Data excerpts
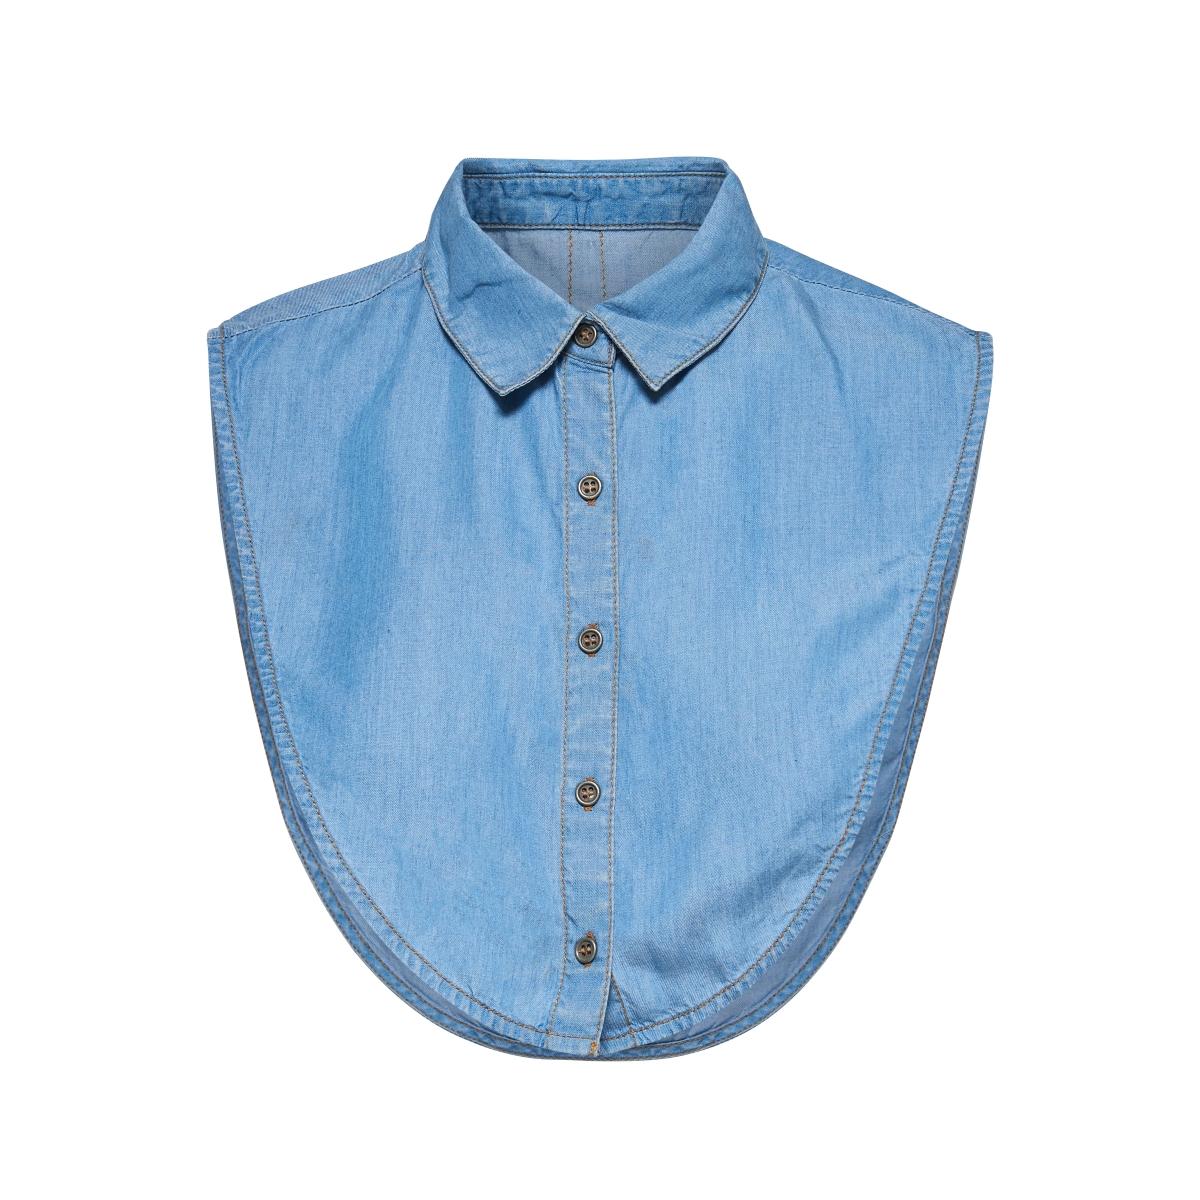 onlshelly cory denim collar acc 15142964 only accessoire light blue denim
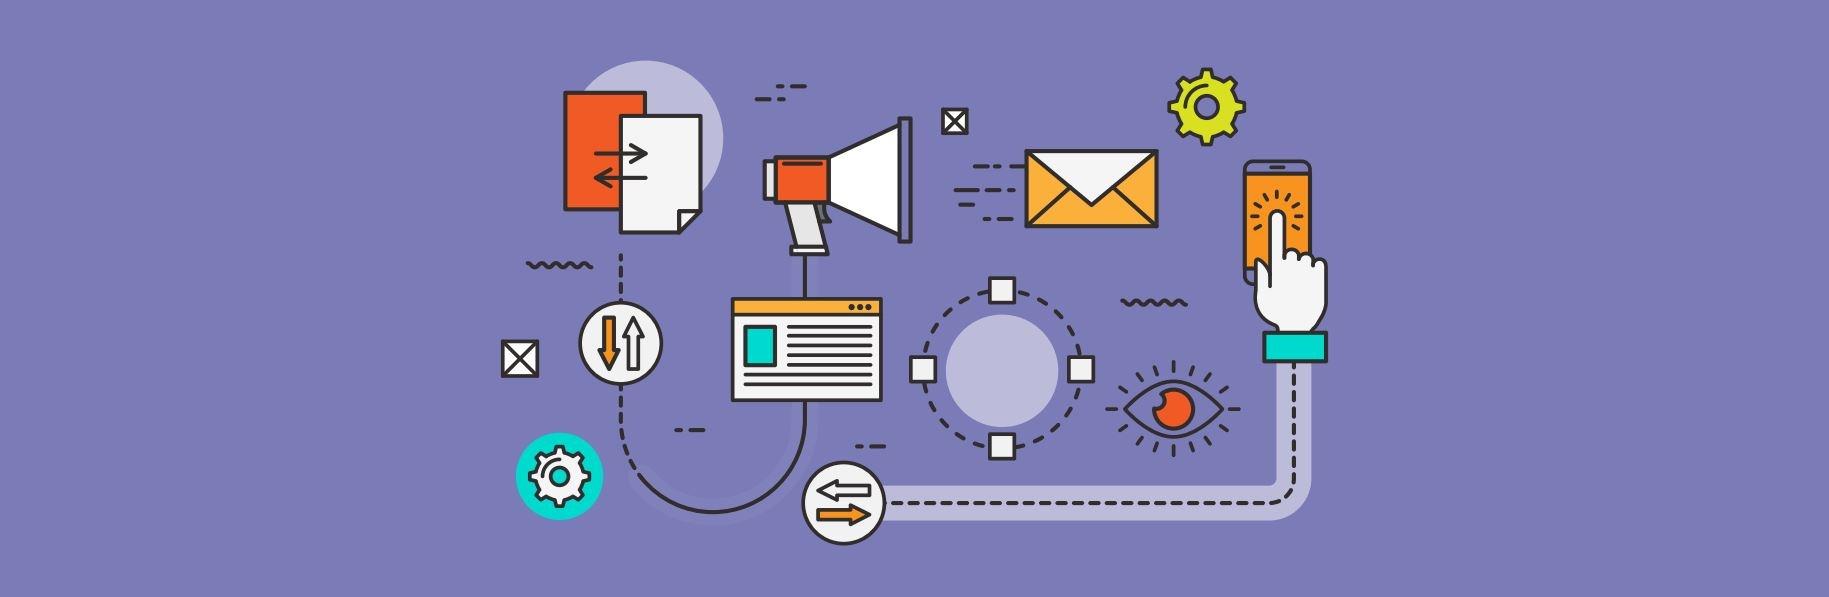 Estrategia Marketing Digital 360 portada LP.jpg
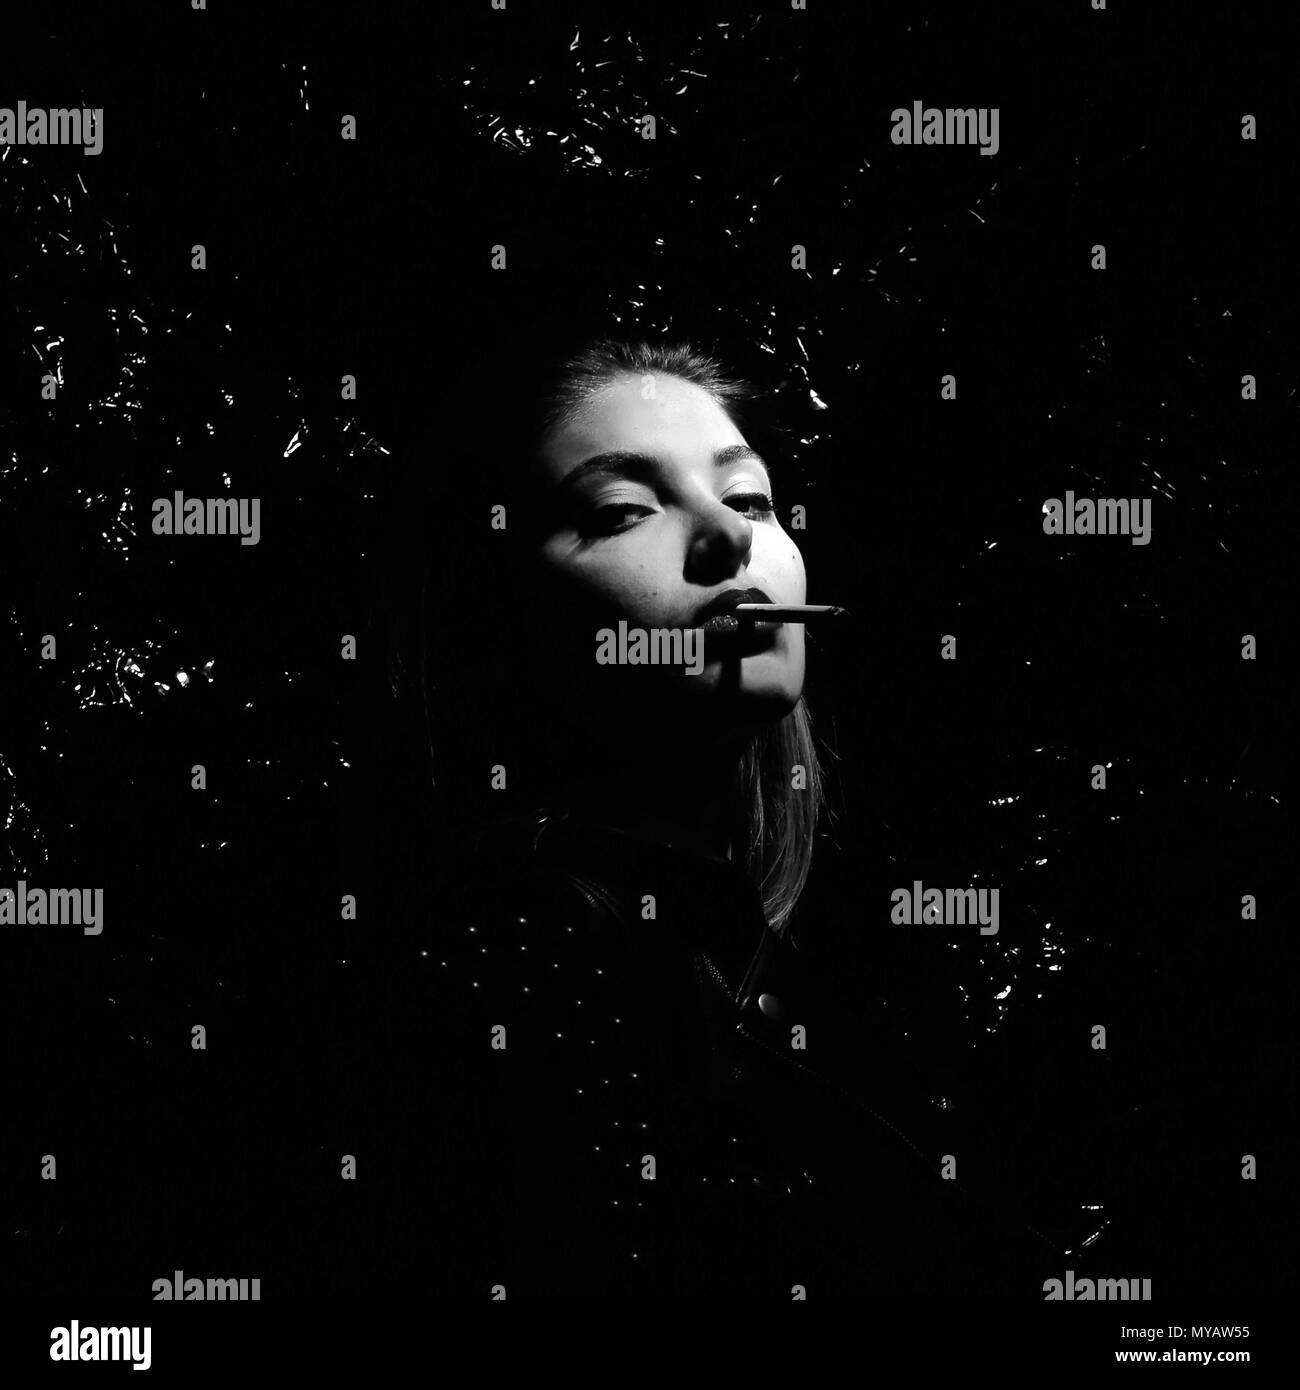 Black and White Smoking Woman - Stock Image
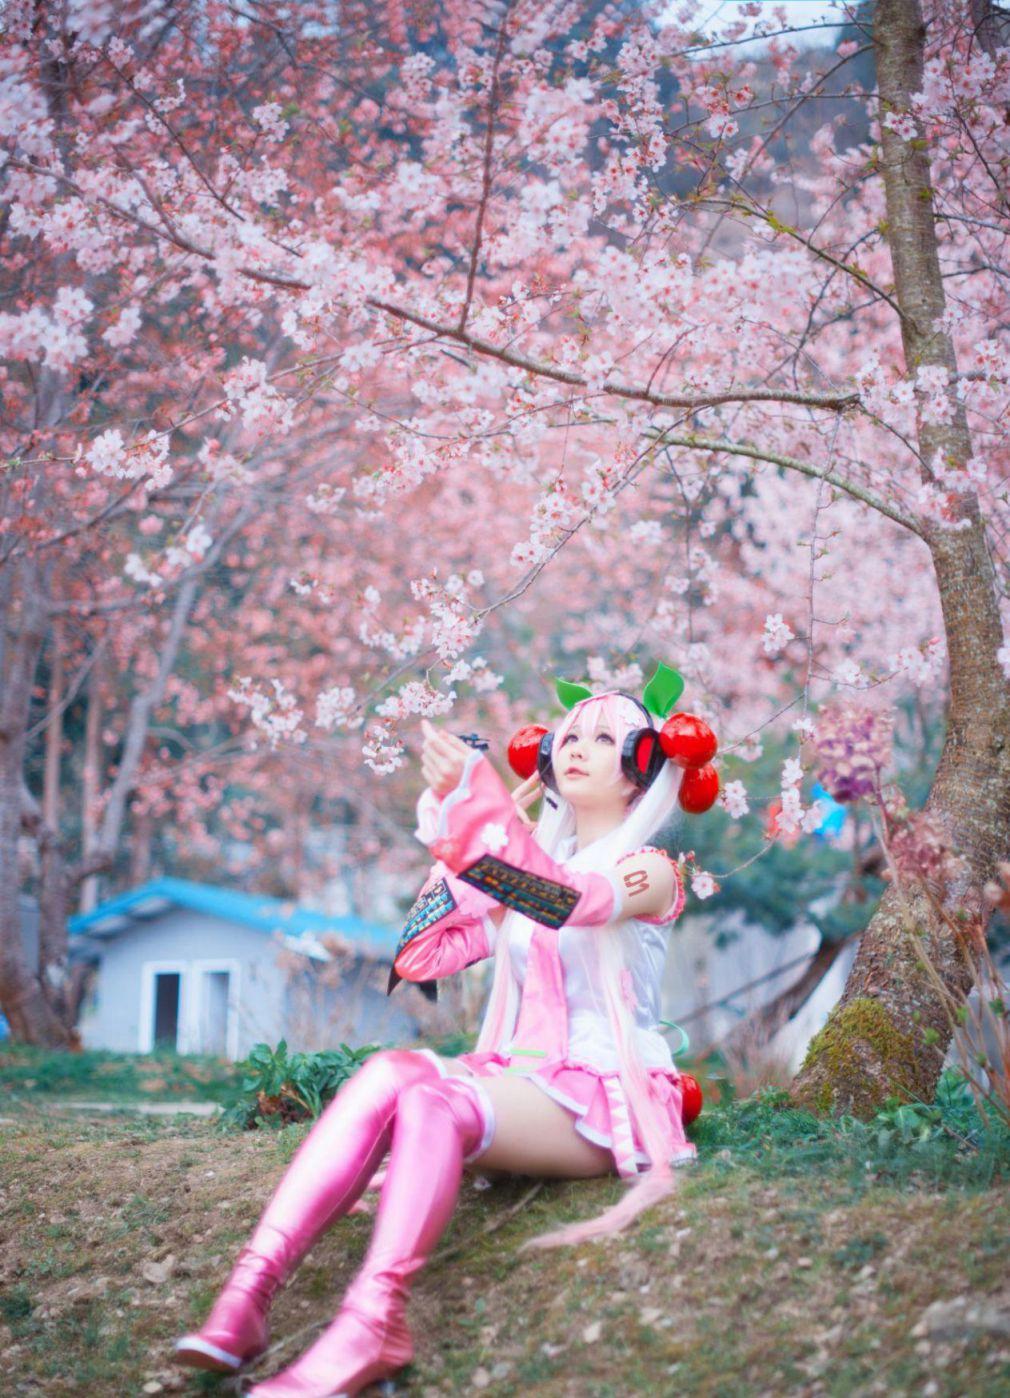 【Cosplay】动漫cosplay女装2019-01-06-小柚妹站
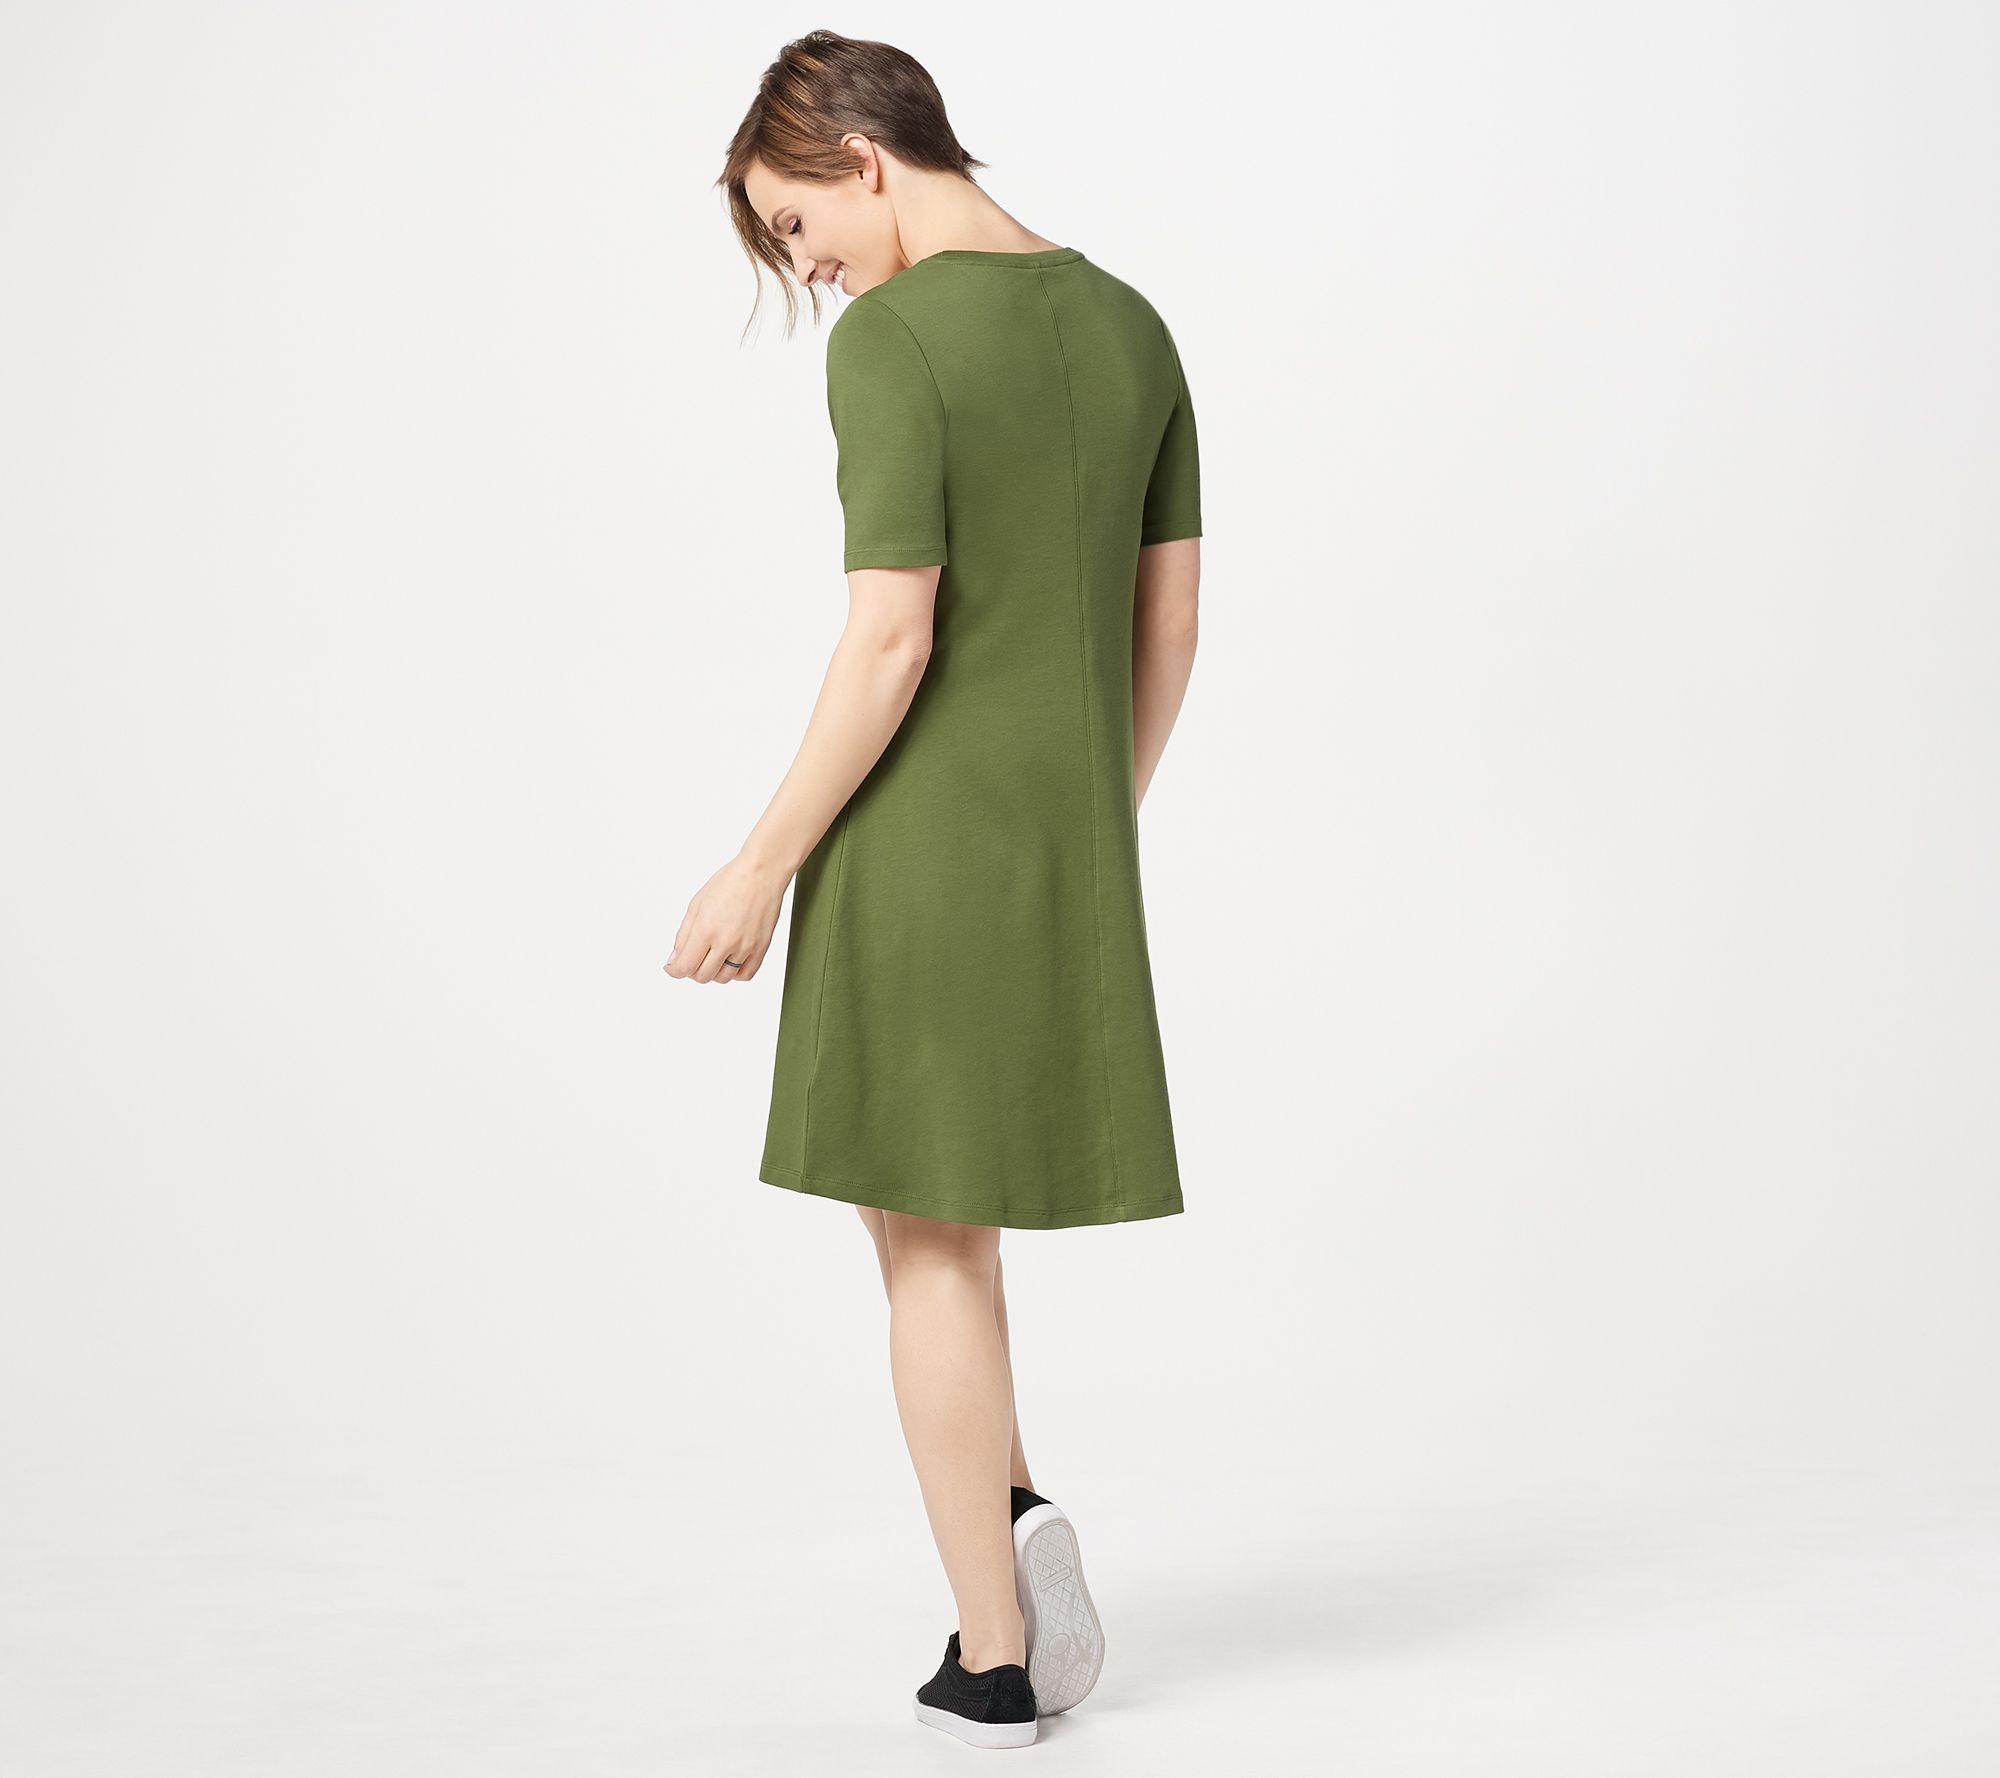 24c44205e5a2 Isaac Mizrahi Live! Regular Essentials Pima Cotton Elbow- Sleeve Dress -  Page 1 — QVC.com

#### Work instruction
Please set down the records above word for word and omit their pictures.

#### Result for this exercise
 onlshelly cory denim collar acc 15142964 only accessoire light blue denim
 Estrategia Marketing Digital 360 portada LP.jpg
 Black and White Smoking Woman - Stock Image
 【Cosplay】动漫cosplay女装2019-01-06-小柚妹站
 24c44205e5a2 Isaac Mizrahi Live! Regular Essentials Pima Cotton Elbow- Sleeve Dress -  Page 1 — QVC.com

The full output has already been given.